• GIVEN DATA:
====

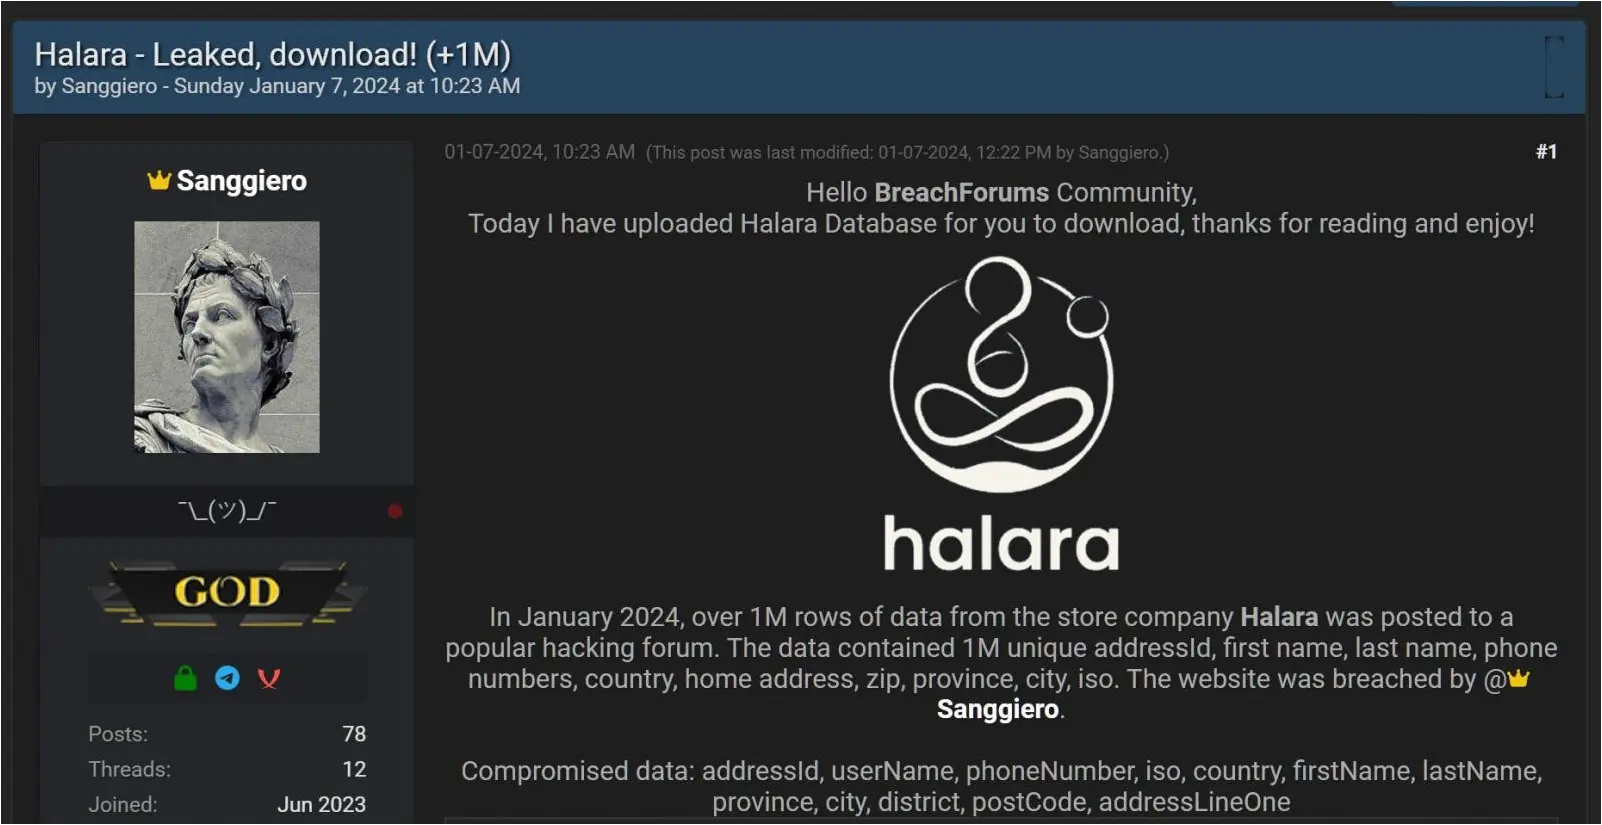 Forum post about alleged Halara data breach
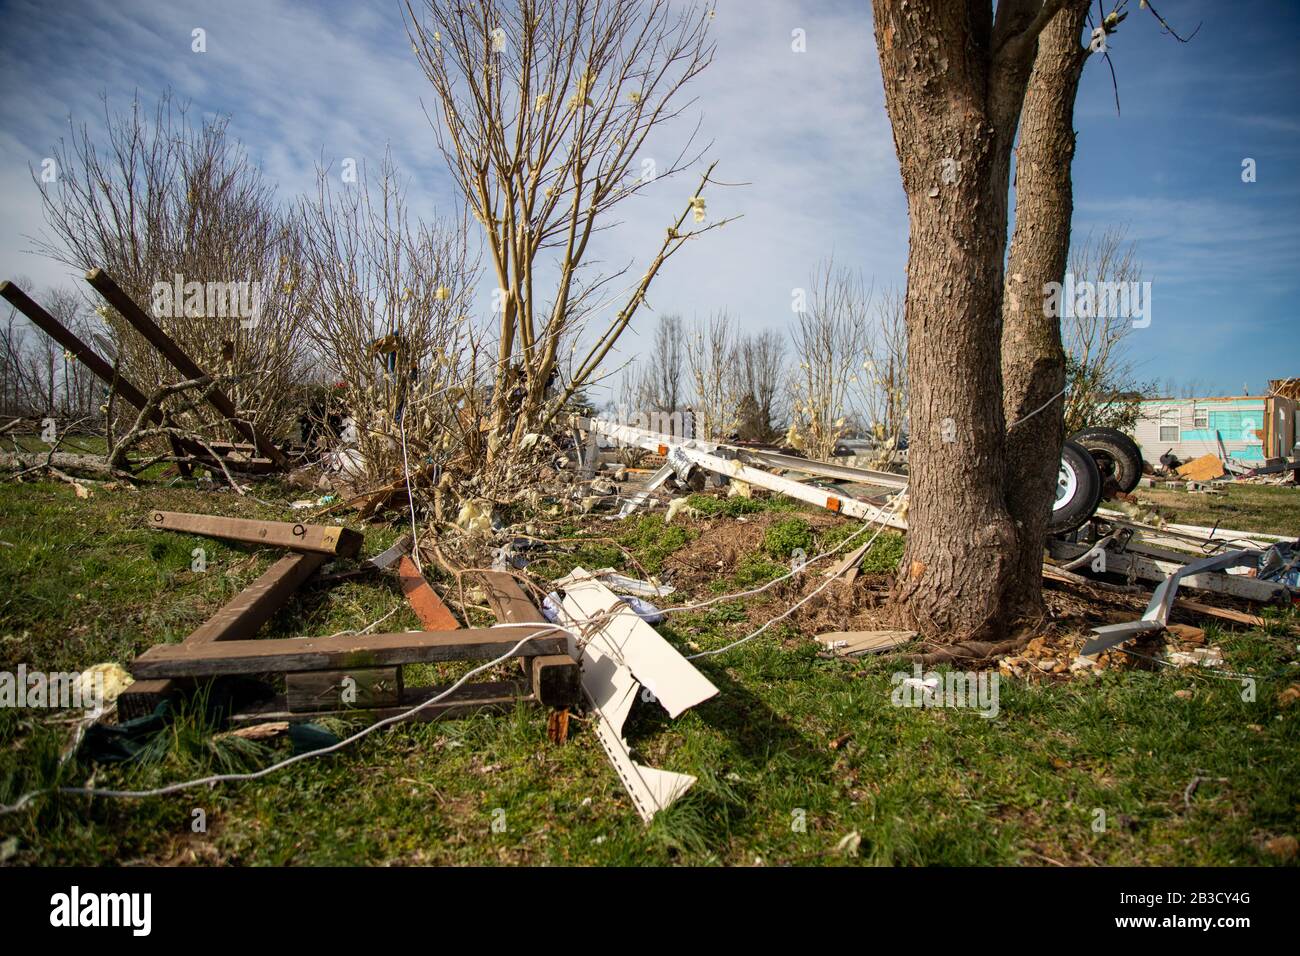 Una casa danneggiata si siede dopo un tornado mortale Giovedi, 4 marzo 2020, a Cookeville, Ten. Tornado strappato in Tennessee primi Martedì, distruggendo edifici e uccidendo più persone. (Foto di IOS/ESPA-Images) Foto Stock
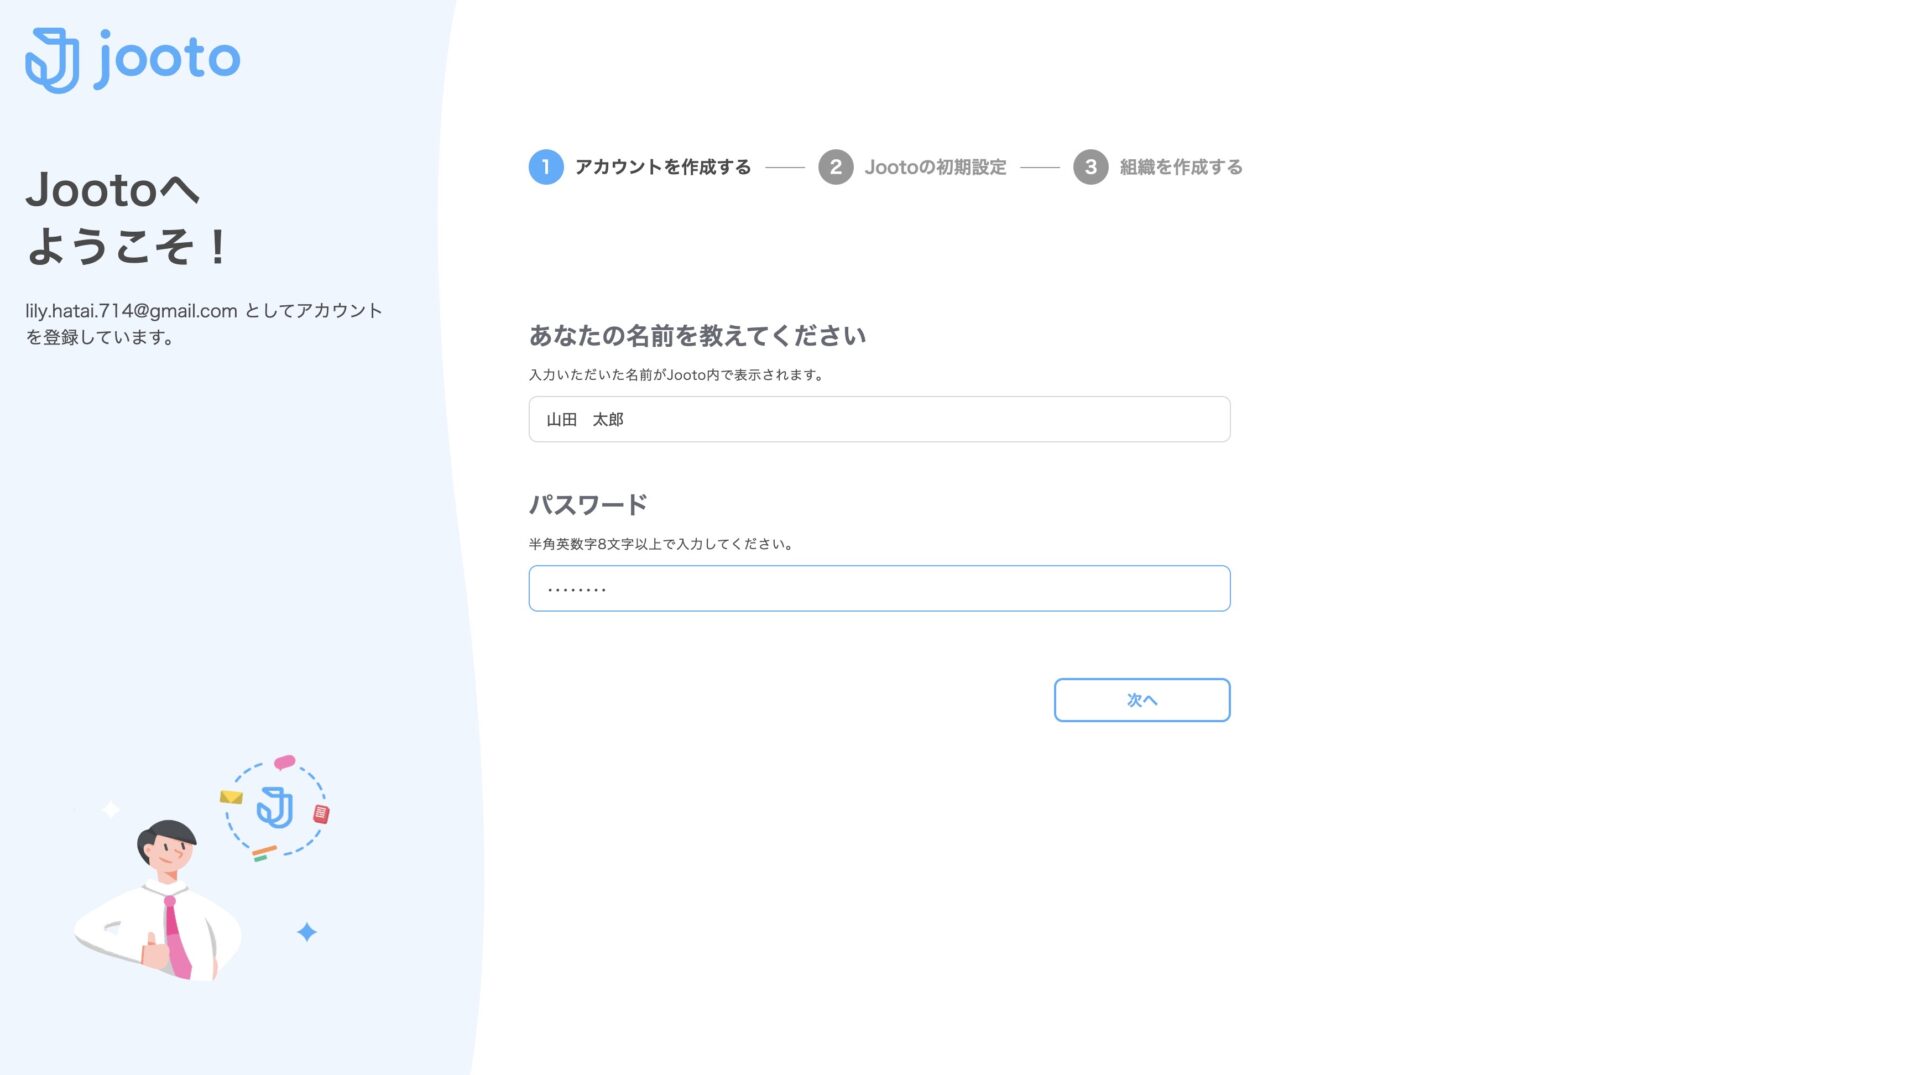 Jootoのアカウント作成で氏名を入力する画面

====

• TASK STATEMENT: Pictures are not part of the copy; reproduce exactly and only the lines from the line containing "Una casa danneggiata" through the end of the listing.

• ANSWER BOX:
 Una casa danneggiata si siede dopo un tornado mortale Giovedi, 4 marzo 2020, a Cookeville, Ten. Tornado strappato in Tennessee primi Martedì, distruggendo edifici e uccidendo più persone. (Foto di IOS/ESPA-Images) Foto Stock
 Jootoのアカウント作成で氏名を入力する画面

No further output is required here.